- What to do
For this exercise, copy exactly the lines below from the one with "kitchen dp layer" through the one with "14k Yellow Gold Polished Dancer Charm" and leave out the pictures.

- Exercise material
"""
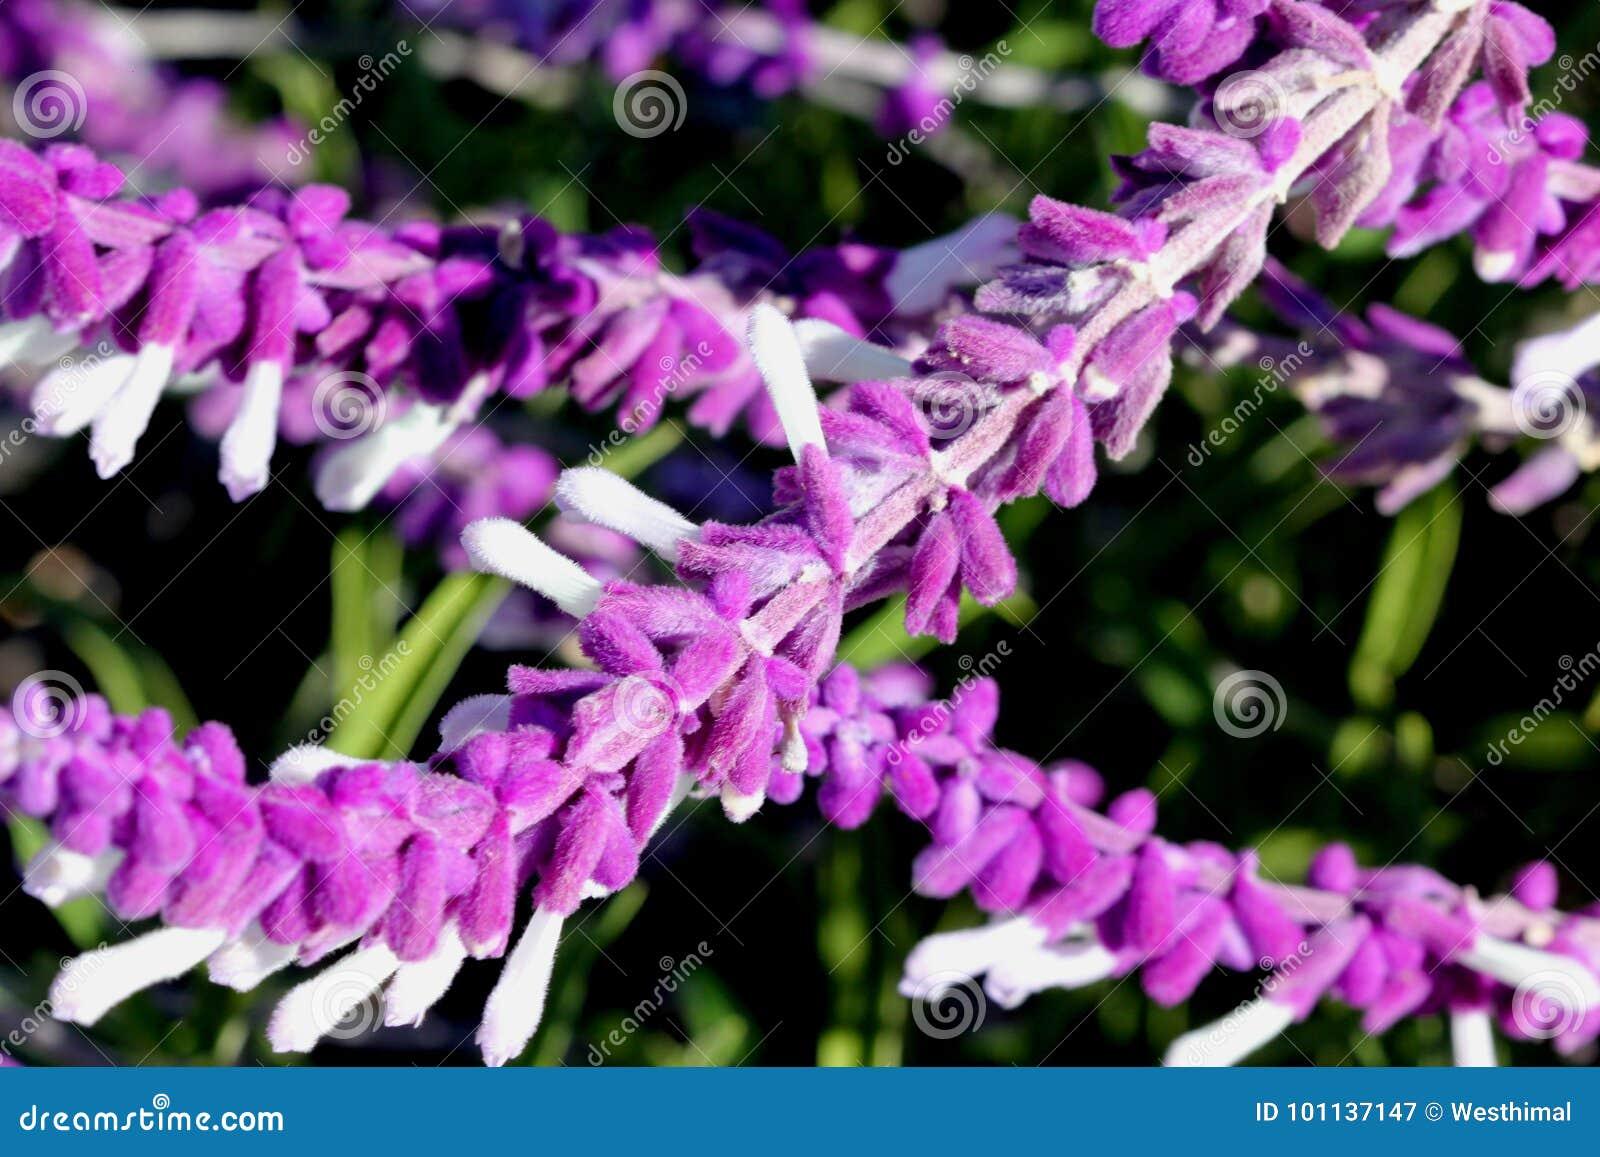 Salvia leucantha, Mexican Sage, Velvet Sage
"""
"""
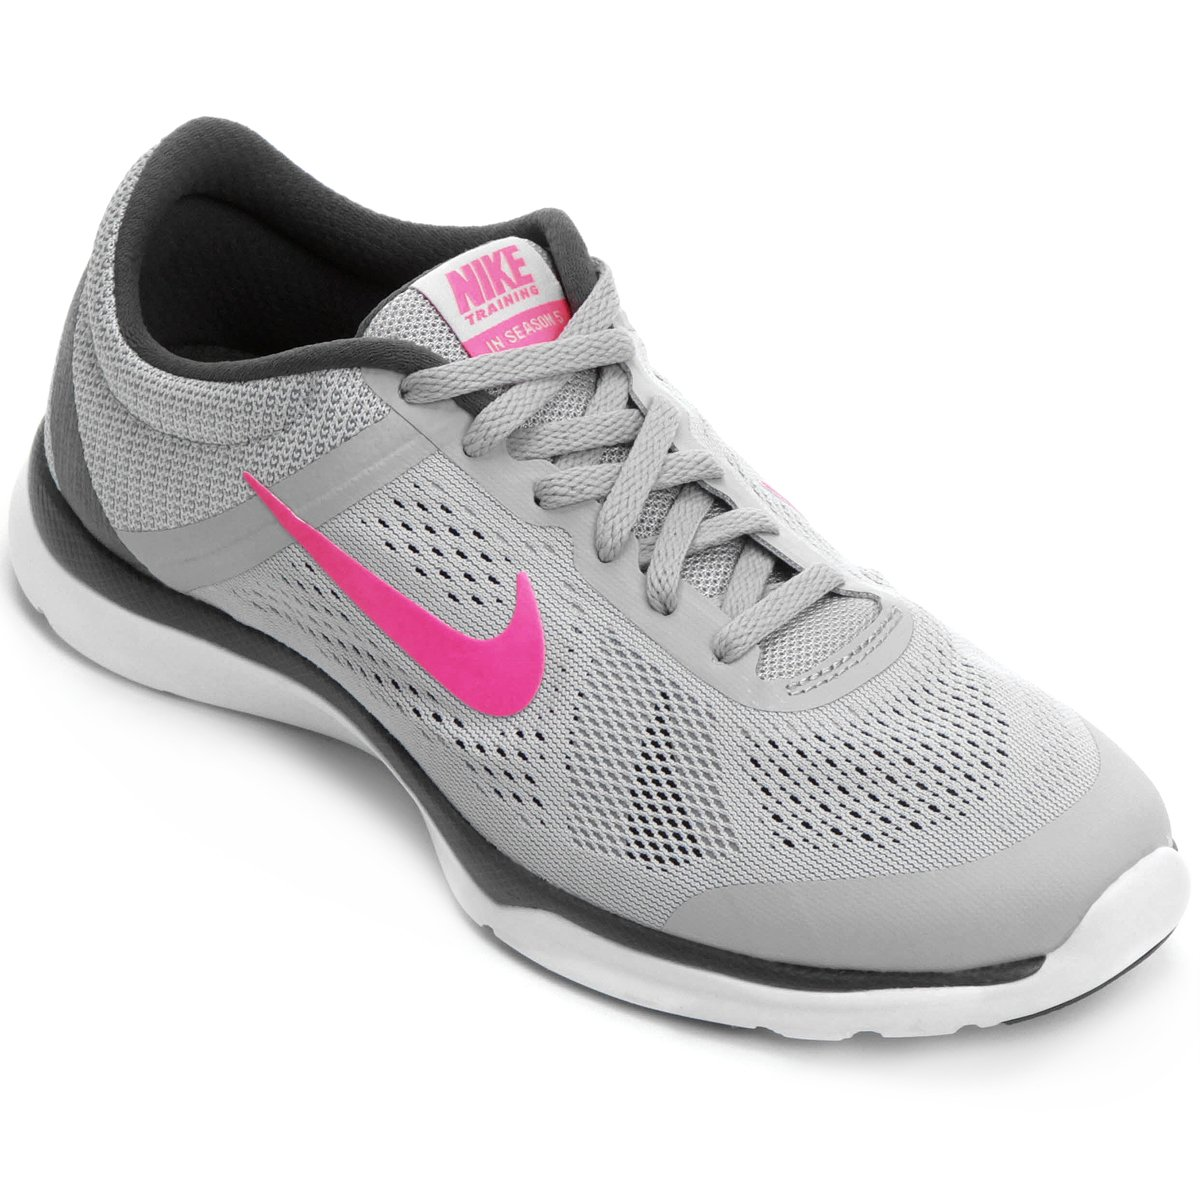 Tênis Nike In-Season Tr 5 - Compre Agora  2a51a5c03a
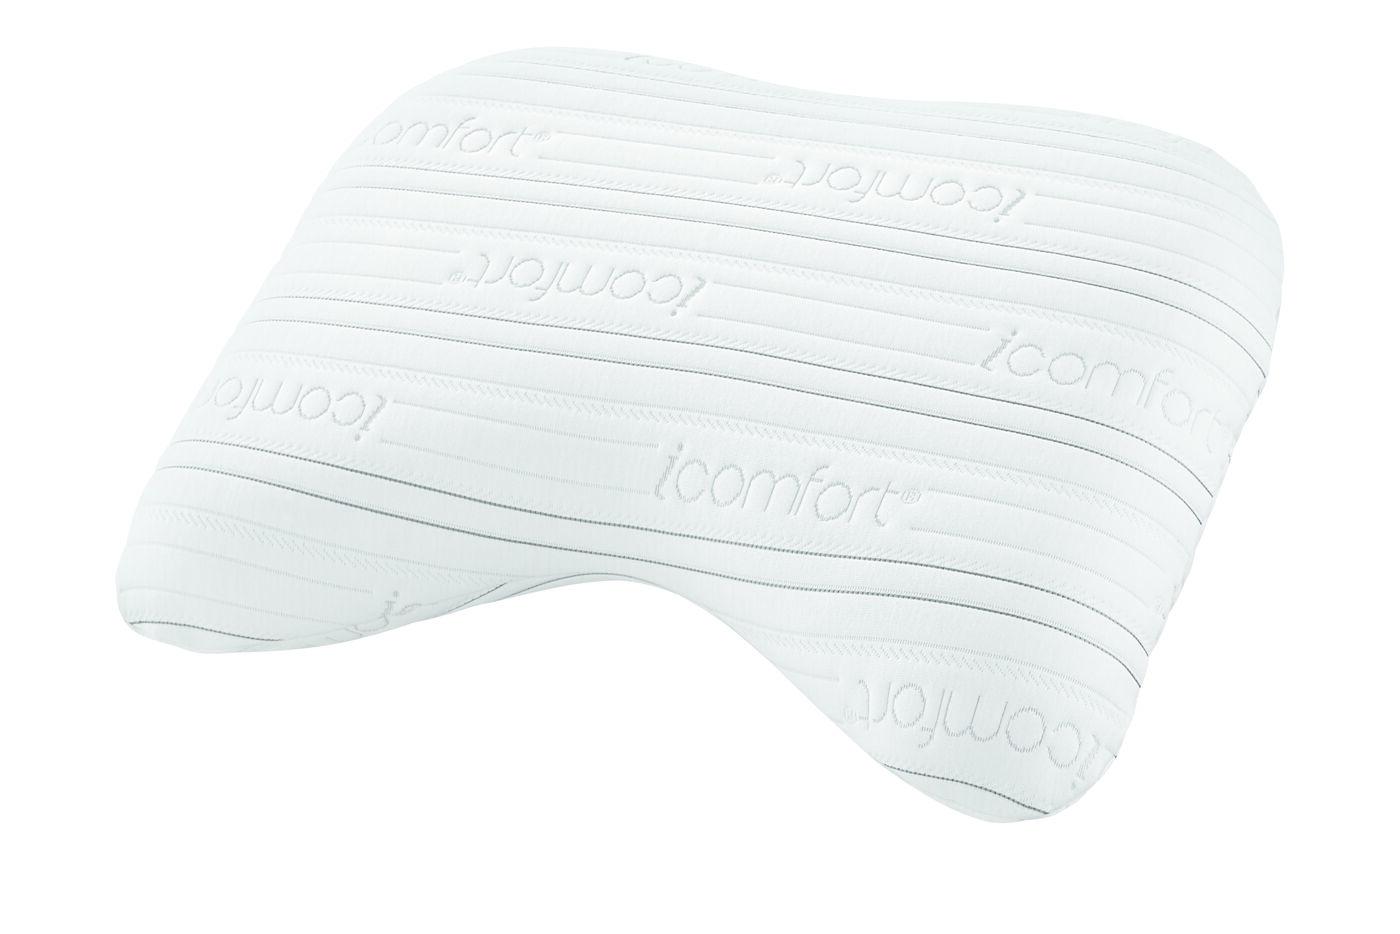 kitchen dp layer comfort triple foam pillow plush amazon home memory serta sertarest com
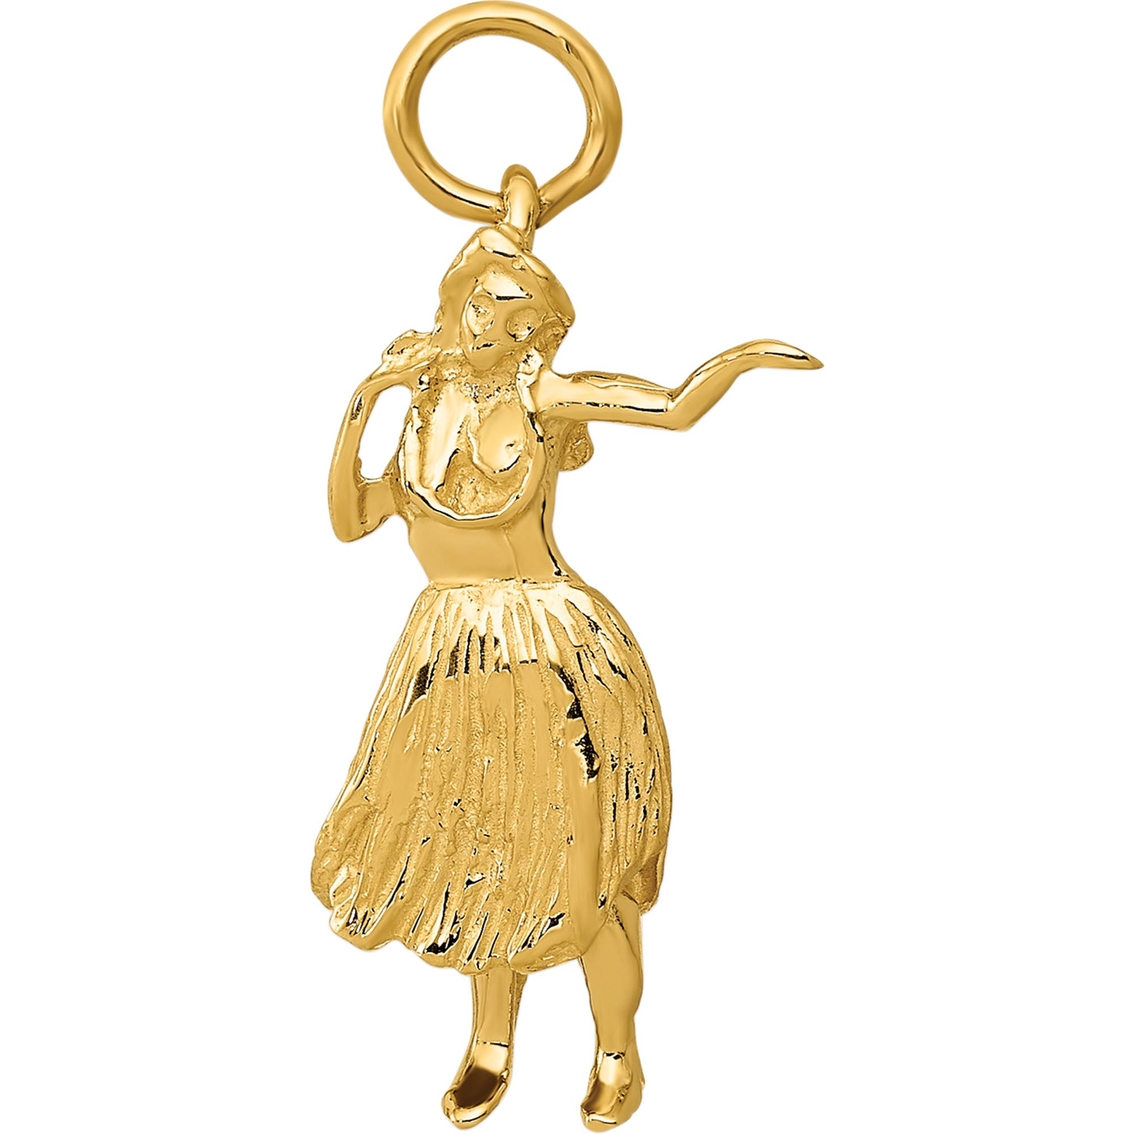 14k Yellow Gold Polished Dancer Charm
"""
"""
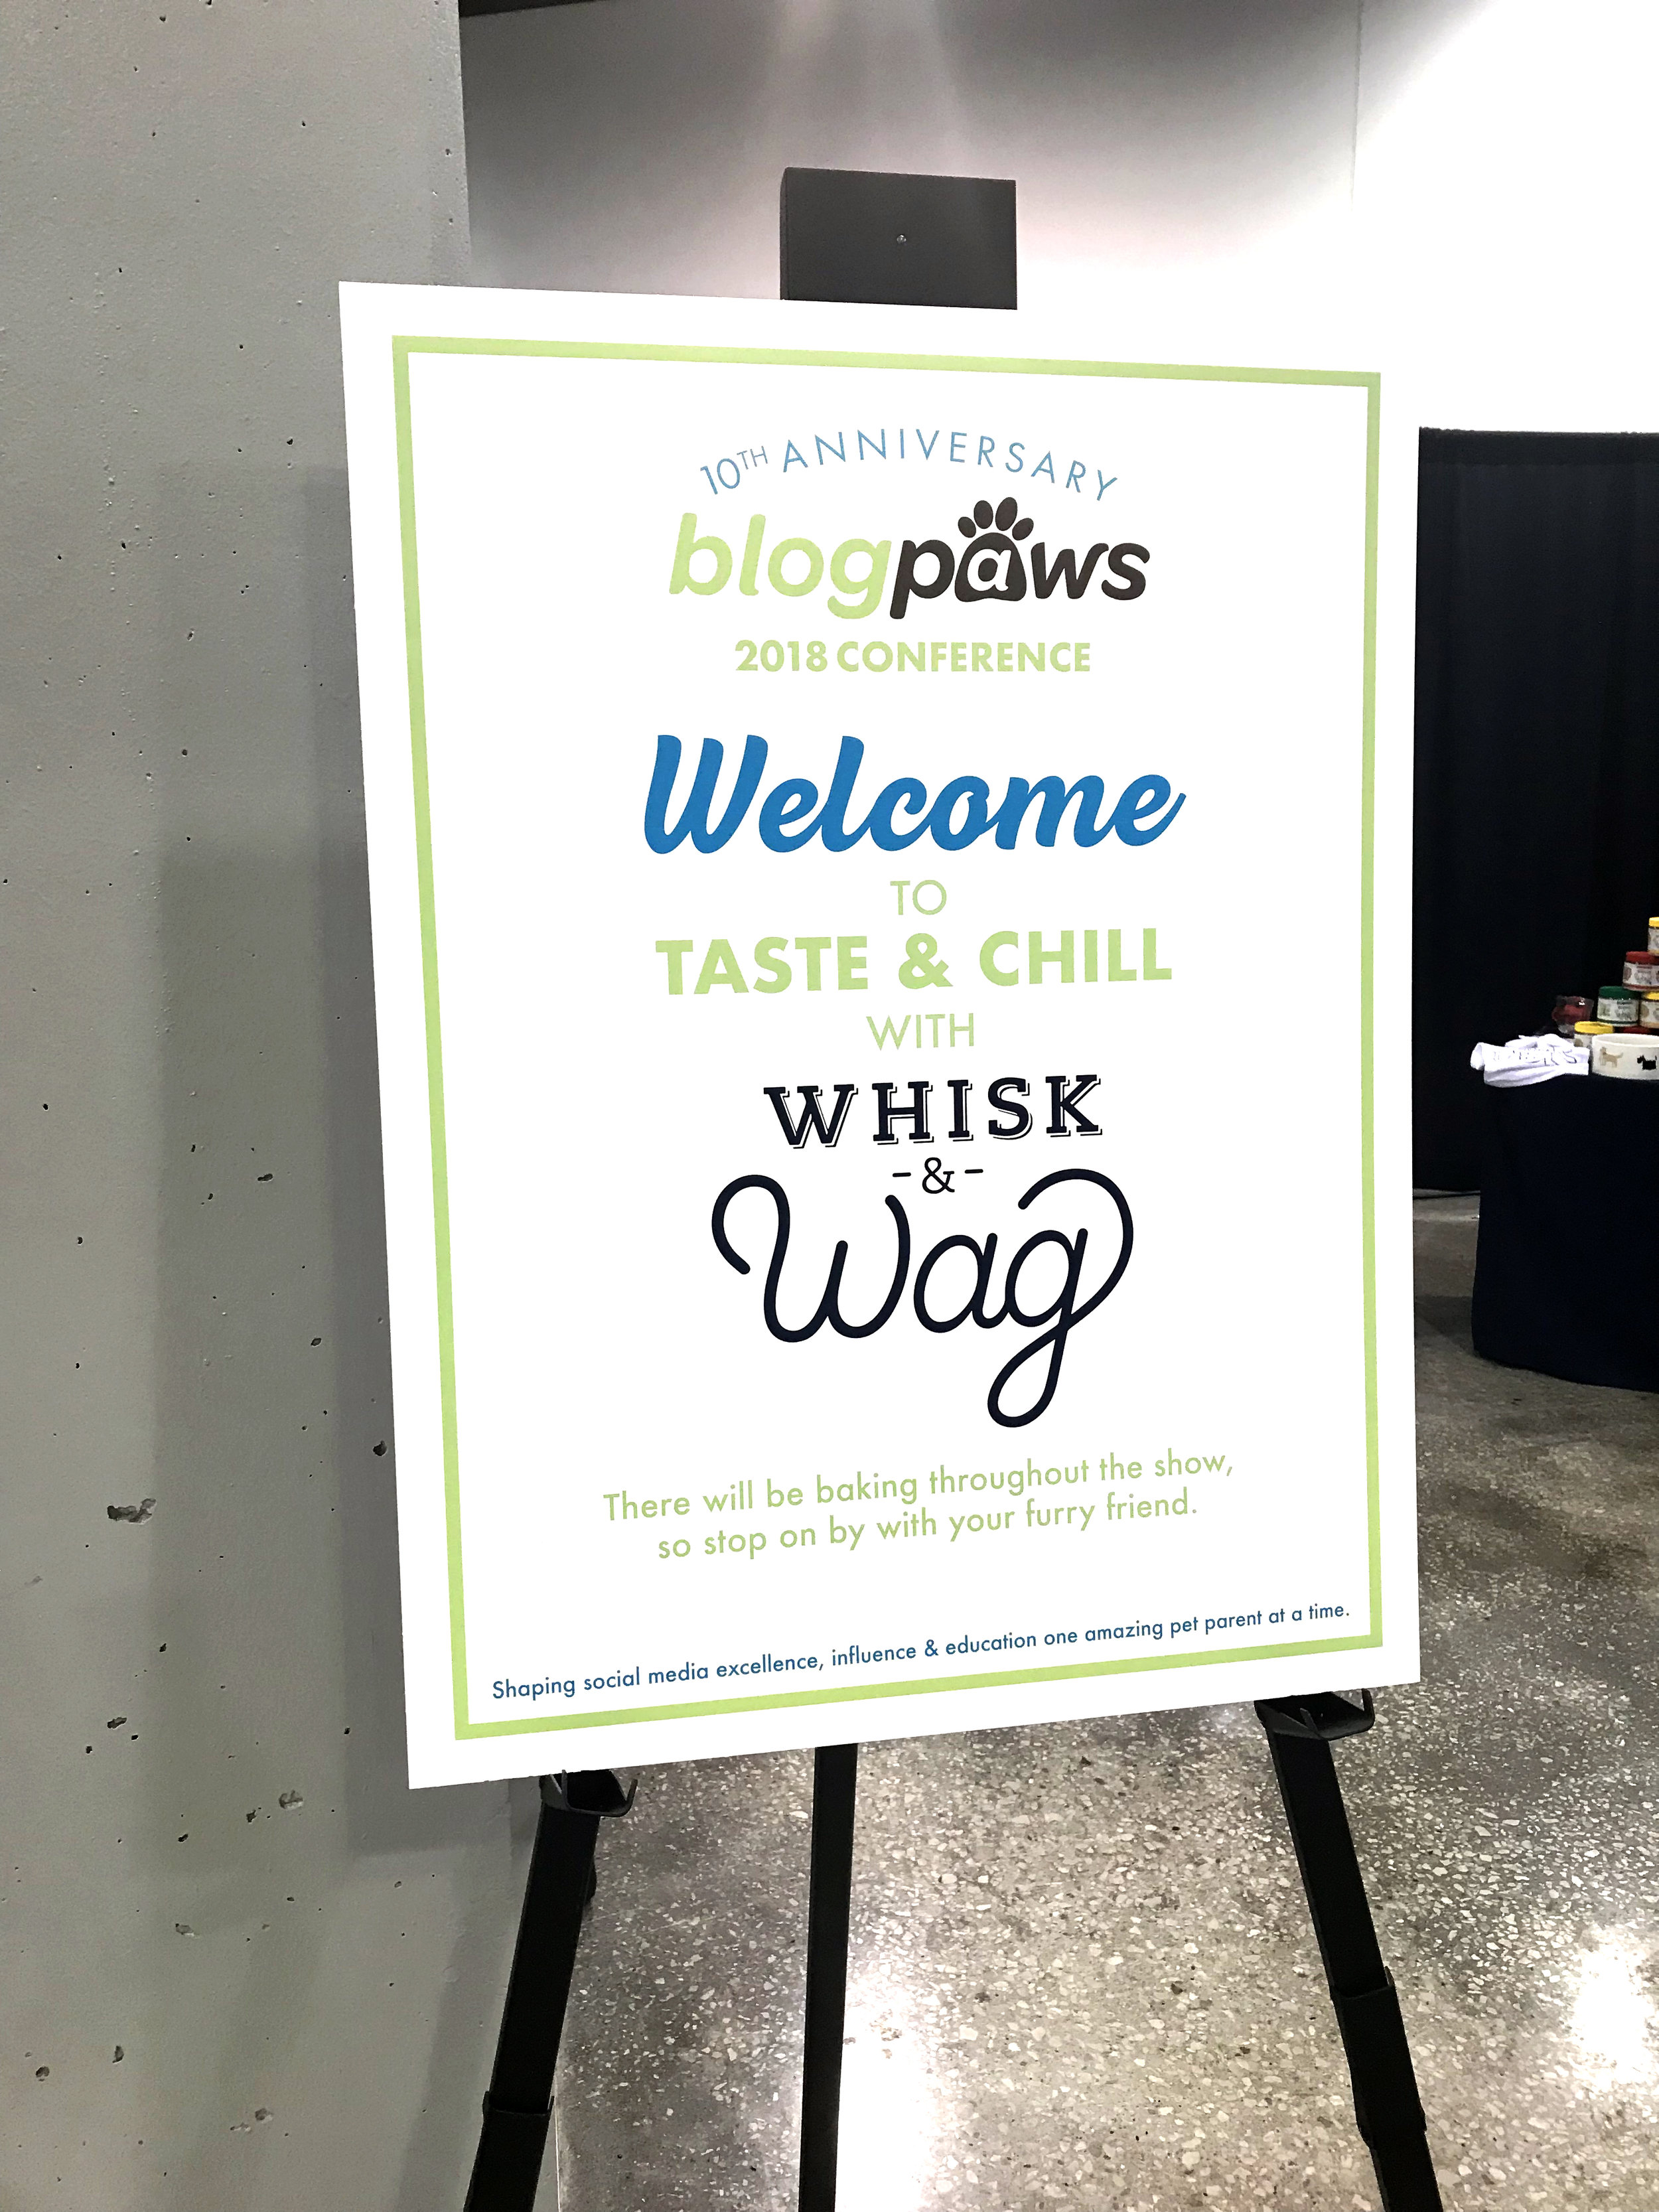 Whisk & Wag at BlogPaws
"""
- Result
 kitchen dp layer comfort triple foam pillow plush amazon home memory serta sertarest com
 14k Yellow Gold Polished Dancer Charm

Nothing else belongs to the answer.